The word mocked him. How could the two of them ever come to some kind of friendly understanding after what had happened?
He went for a long walk as dusk began to fall, looking up into the heavy grey clouds and wondering if the threatened snow would ever arrive, and at seven prompt he was knocking on her door.
She didn’t answer immediately and his mouth tightened. If the secretive little witch thought that she could just hide inside and he would just go away again, then she was in for an unpleasant surprise.
The door opened, and he was unprepared for the impact of seeing her all dressed up for a party. Red dress. Red shoes. Long, slim legs encased in pale stockings which had a slight sheen to them. He had never seen her in red before, but scarlet had been the backdrop to her beauty when she had lain with such abandon on his bed. Scarlet woman, he thought, and felt the blood thicken in his veins.
‘You’d better come in,’ said Lisi.
‘With pleasure,’ he answered, grimly sarcastic.
She opened the door wider to let him in, but took care to press herself back against the wall, as far away from him as possible. She was only hanging onto her self-possession by a thread, and if he came anywhere near her she would lose it completely. But he still came close enough for her to catch the faint drift of his aftershave—some sensual musky concoction which clamoured at her senses.

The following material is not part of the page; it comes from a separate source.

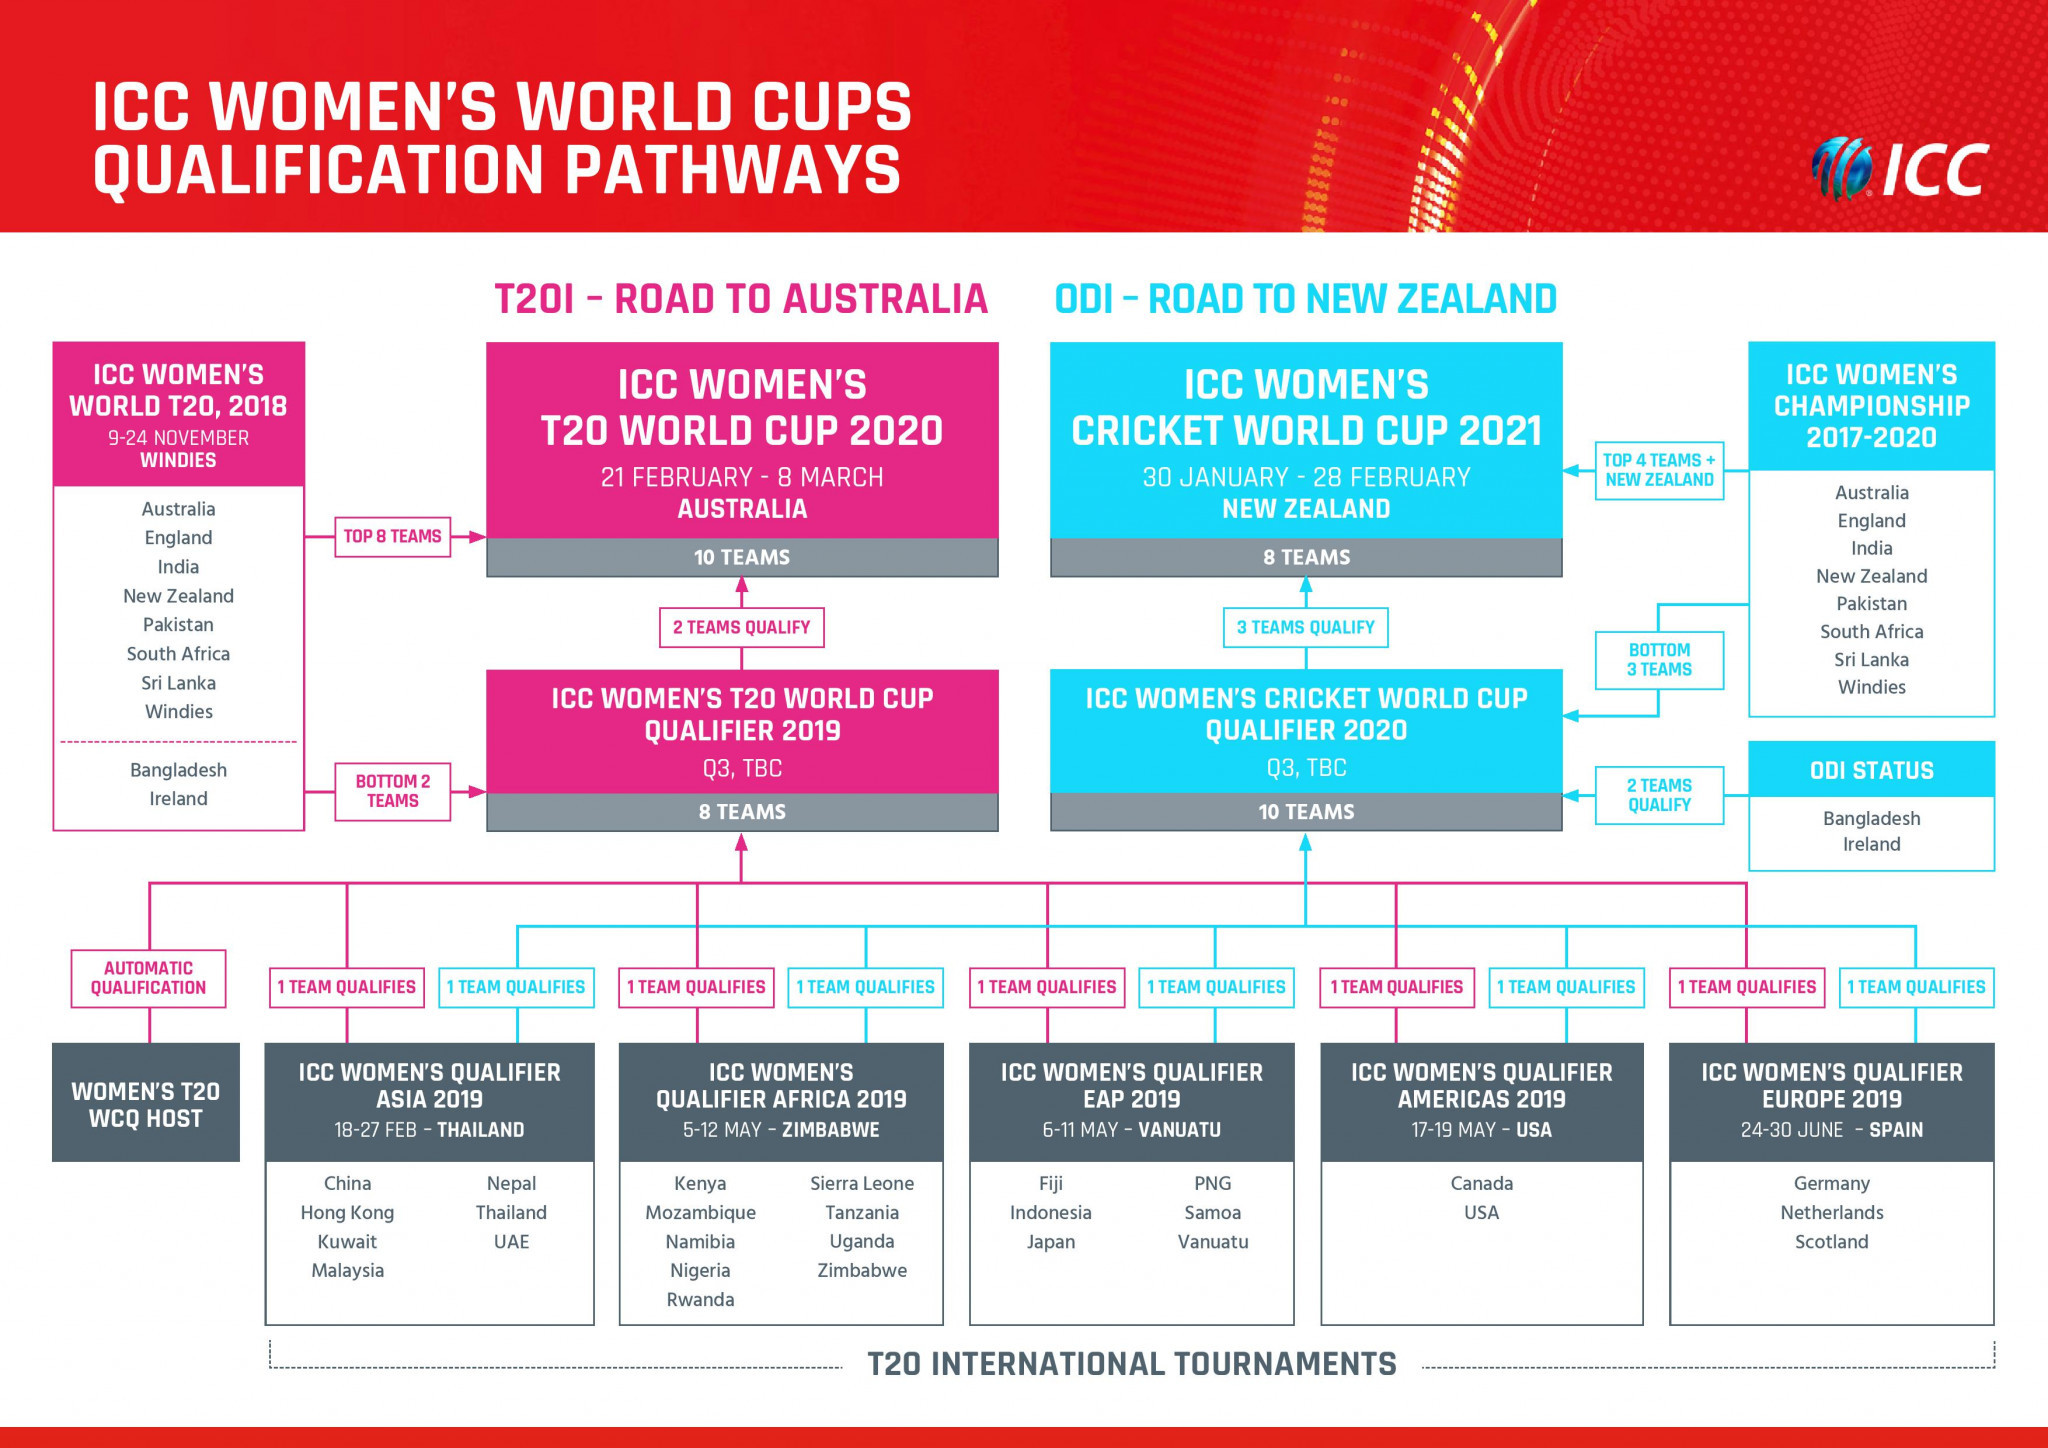 The ICC Women's Qualifier Asia will offer a place at the ICC Women's T20 World Cup Qualifier and the ICC Women's Cricket World Cup Qualifier ©ICC
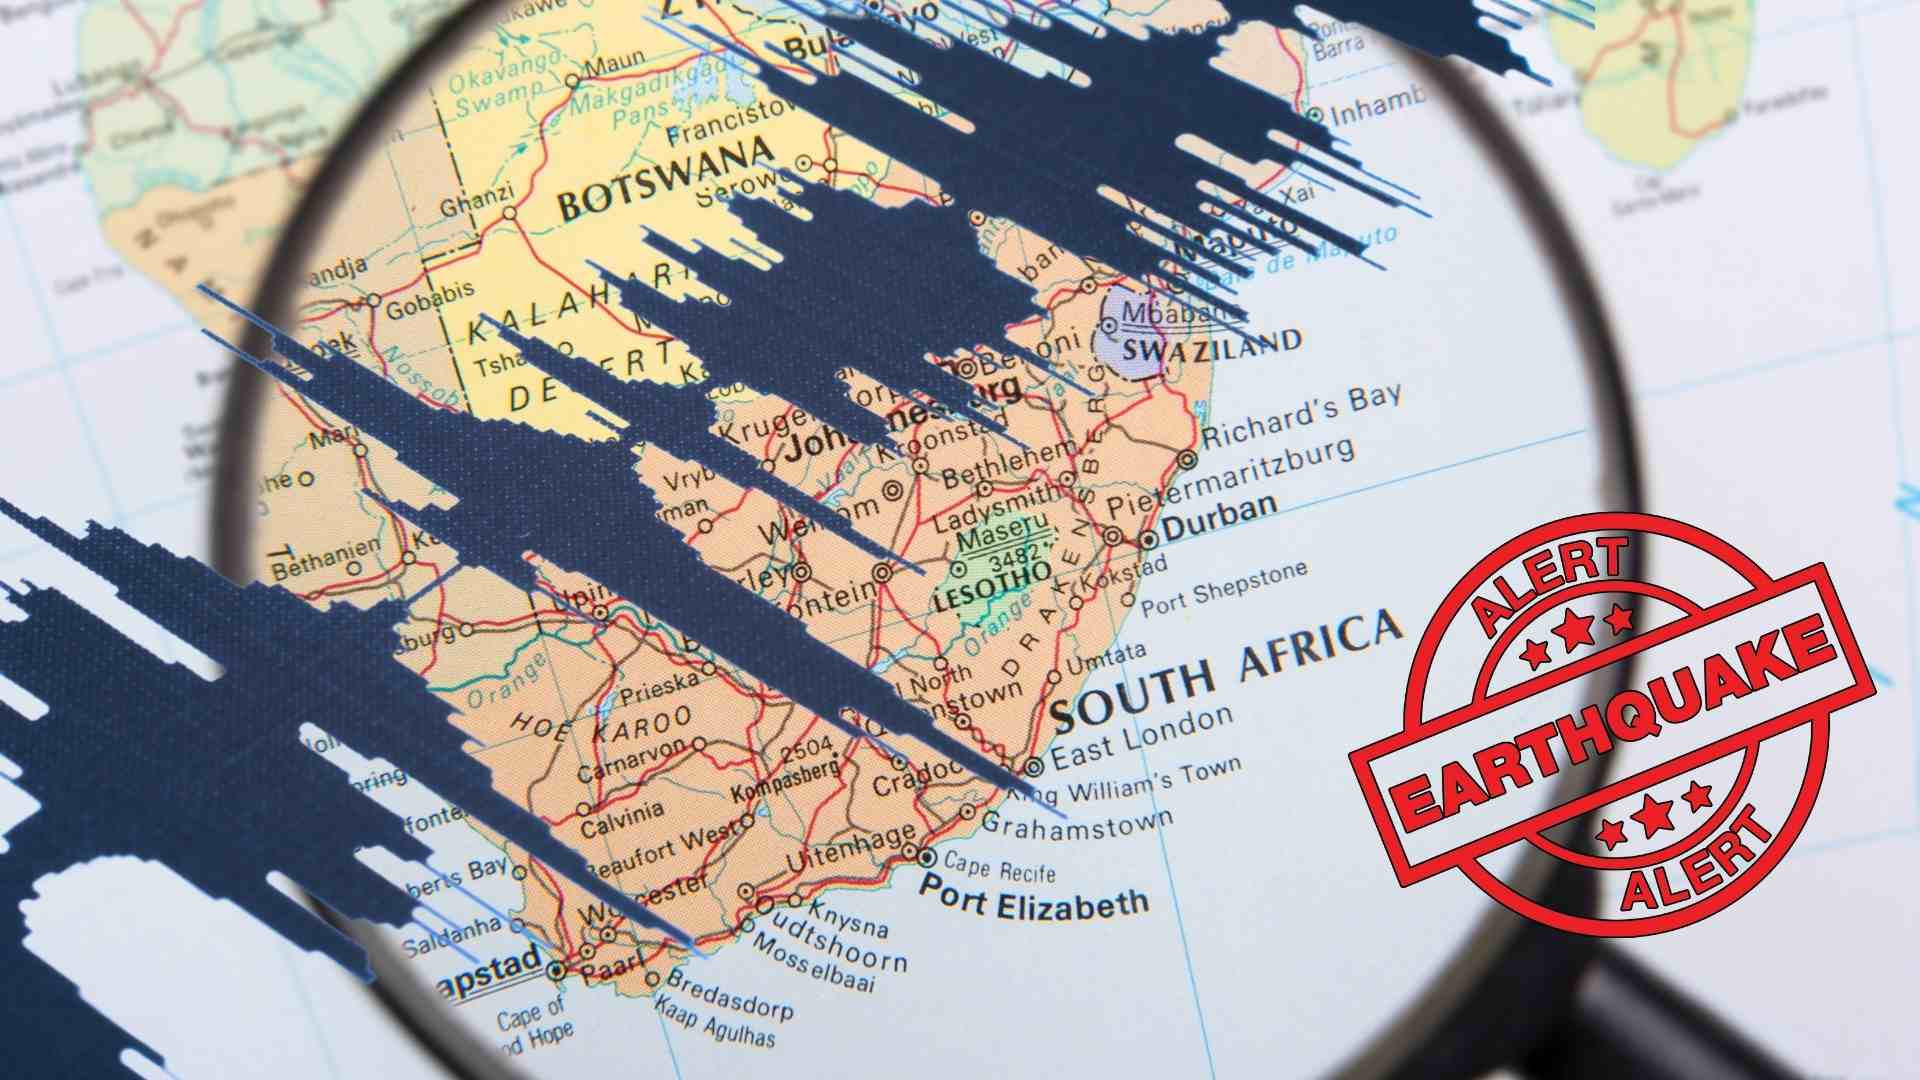 Magnitude of 5.0 earthquake struck Johannesburg, South African

He followed her into the sitting room, where the debris from the party still littered the room. He wondered how many children there had been at the party. Judging by the clutter left behind it could easily have run into tens.
There were balloons everywhere, and scrunched up wrapping paper piled up in the bin. Half-eaten pieces of cake and untouched sandwiches lay scattered across the paper cloth which covered the table.
Philip frowned. ‘Weren’t they hungry?’
‘They only ever eat the crisps.’
‘I see.’ He looked around the room in slight bemusement. ‘They certainly know how to make a mess, don’t they?’
Lisi gave a rueful smile, thinking that maybe they could be civil to one another. ‘I should have cleared it away, but I wanted to read Tim a story from one of his new books.’
The mention of Tim’s name reminded him of why he was there. ‘Very commendable,’ he observed sardonically.